▶ **WORK REQUEST**: In duplicating the lines below, keep every word unchanged and drop the pictures.

▶ **RAW DATA**:
--*--
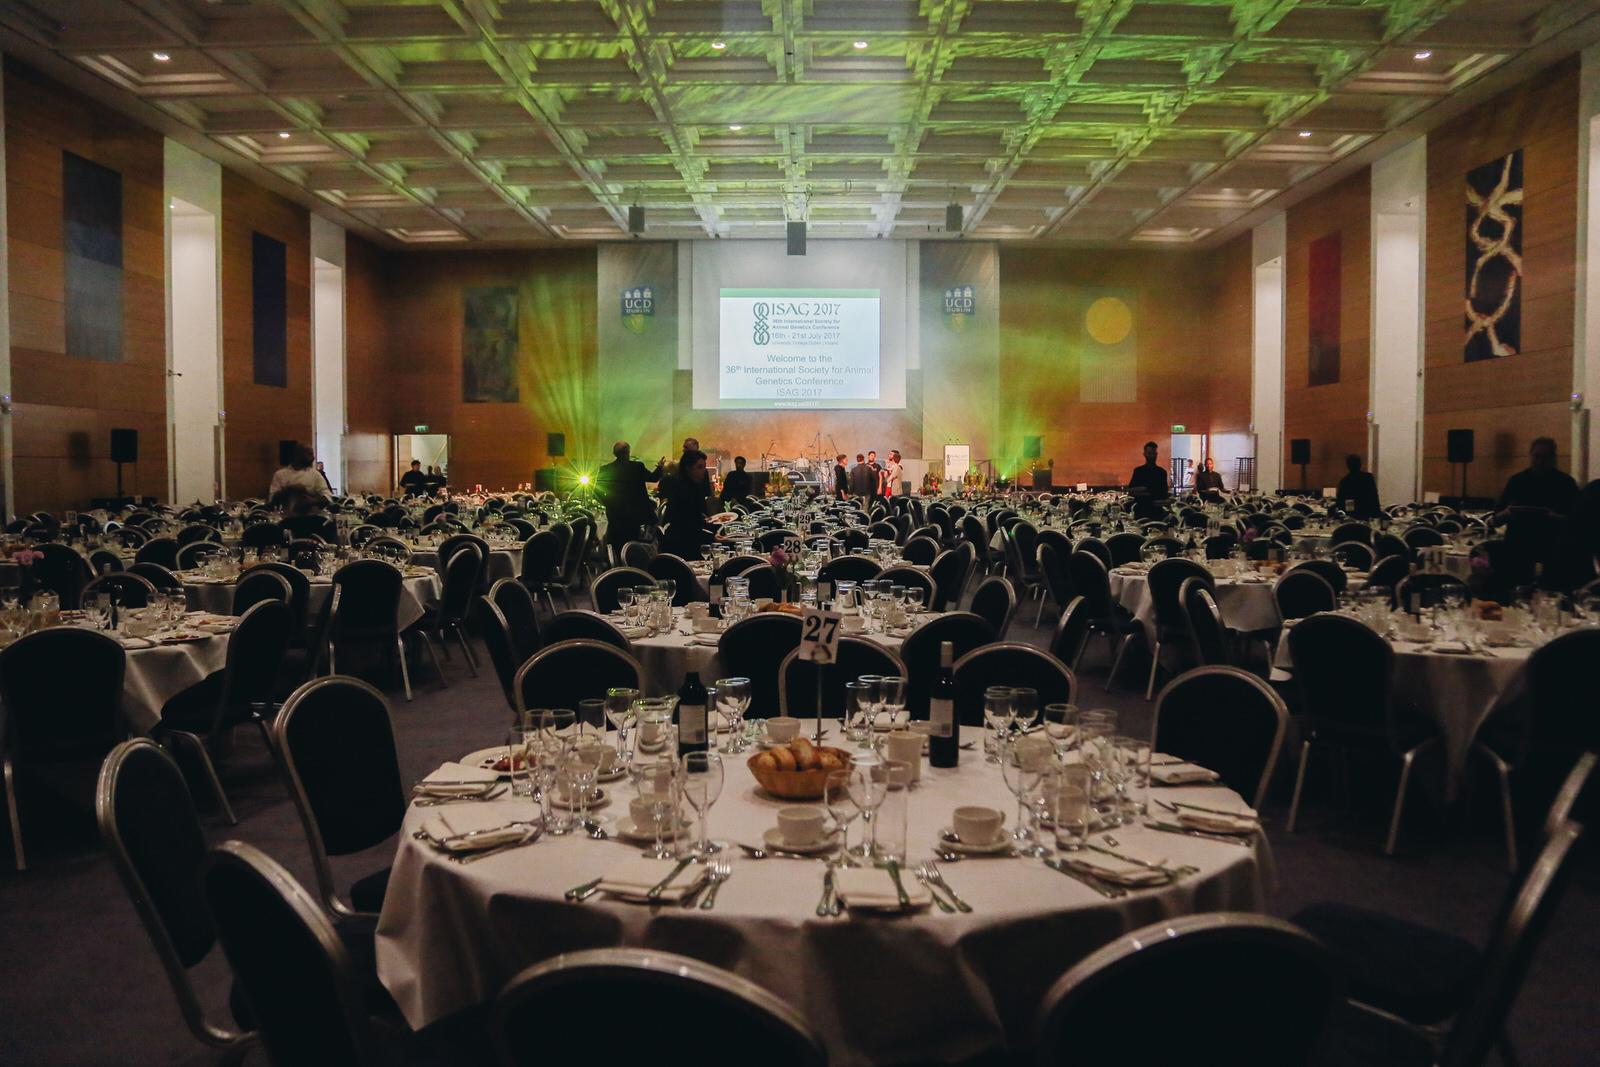 Corporate-conference-photographer-dublin-001.jpg
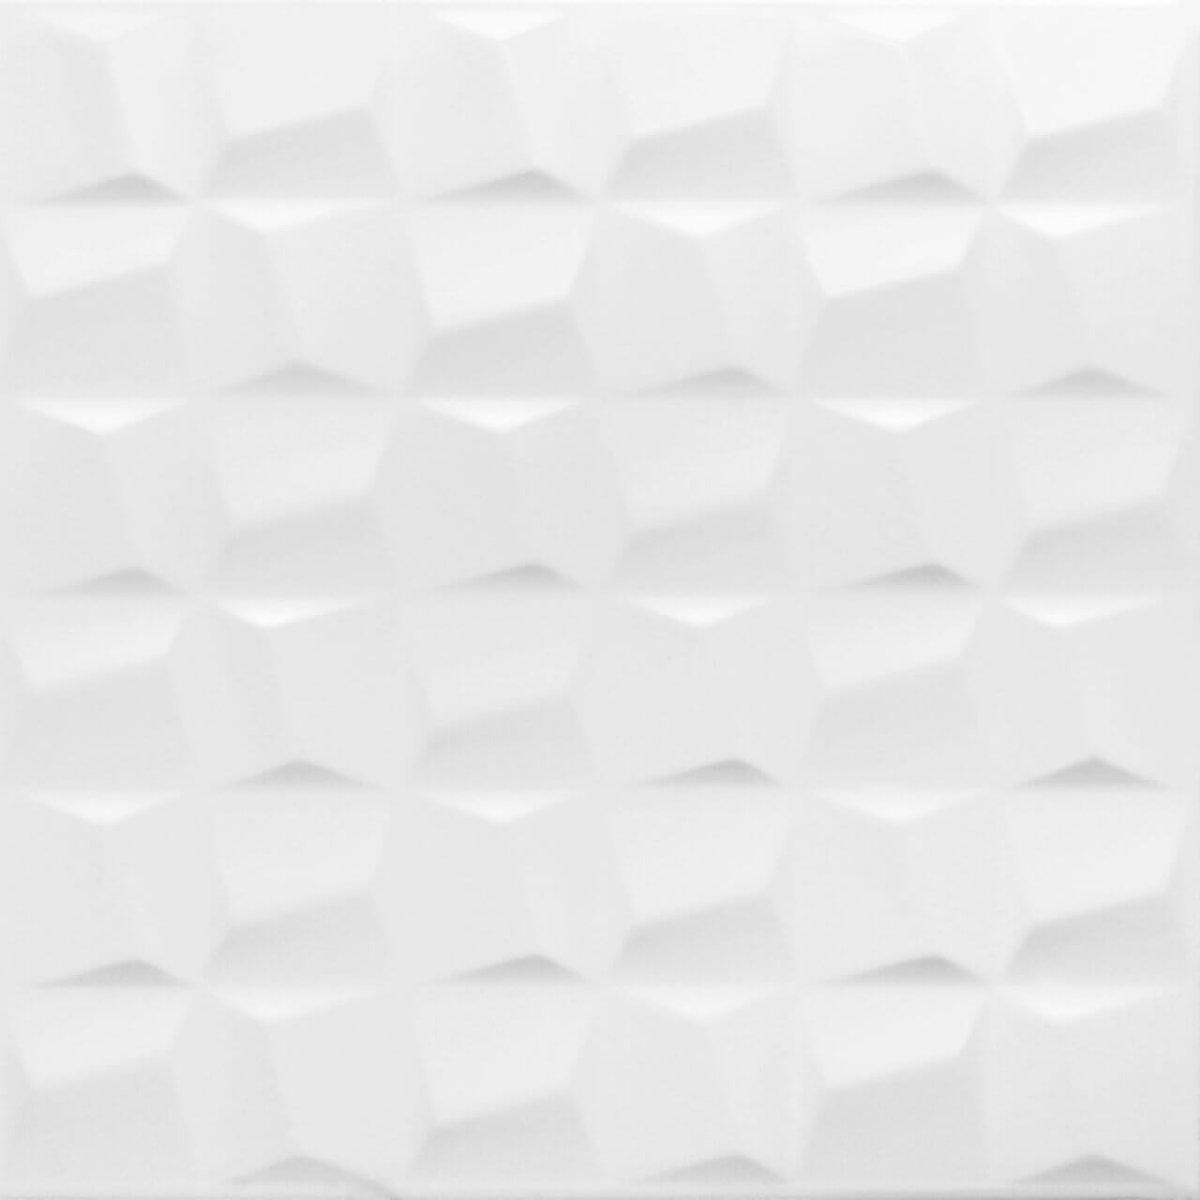 Eli Cubic White AC 450x900mm_Stiles_Product_Image
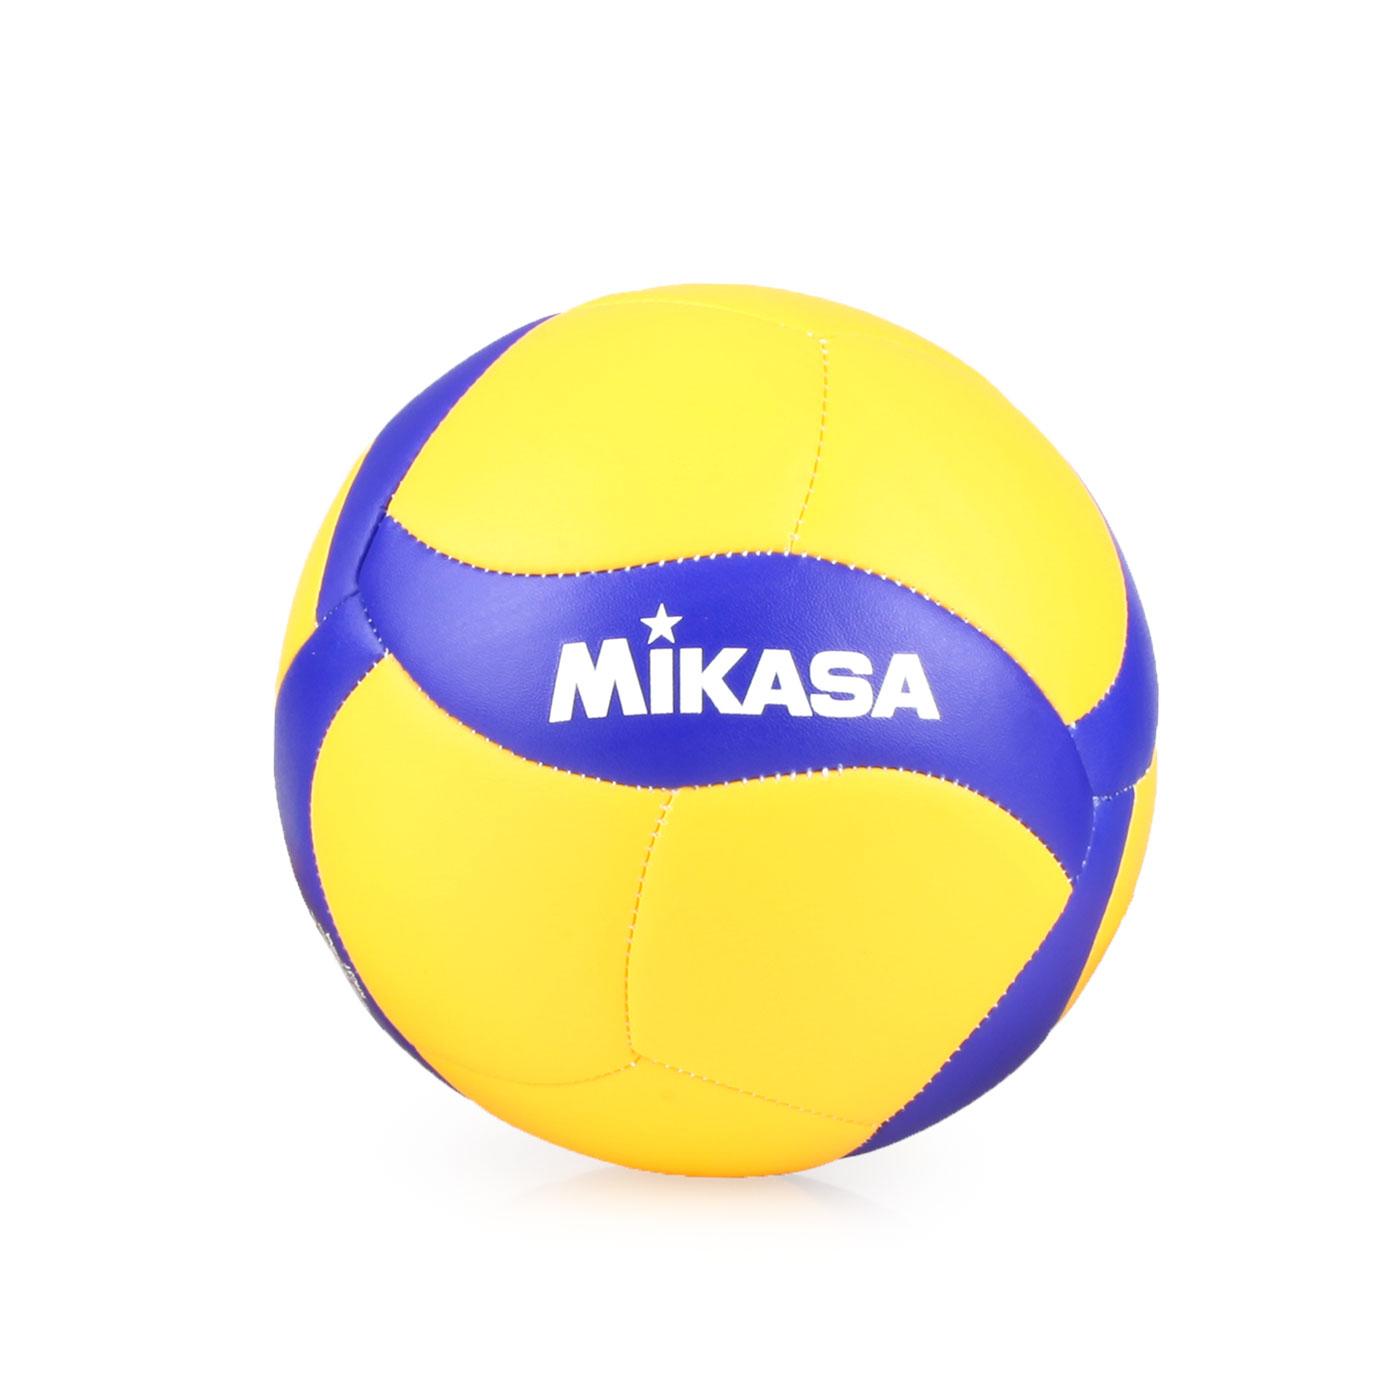 MIKASA 紀念排球#1.5 MKV15W - 黃藍
--*--
▶ **SOLUTION BELOW**:
 Corporate-conference-photographer-dublin-001.jpg
 Eli Cubic White AC 450x900mm_Stiles_Product_Image
 MIKASA 紀念排球#1.5 MKV15W - 黃藍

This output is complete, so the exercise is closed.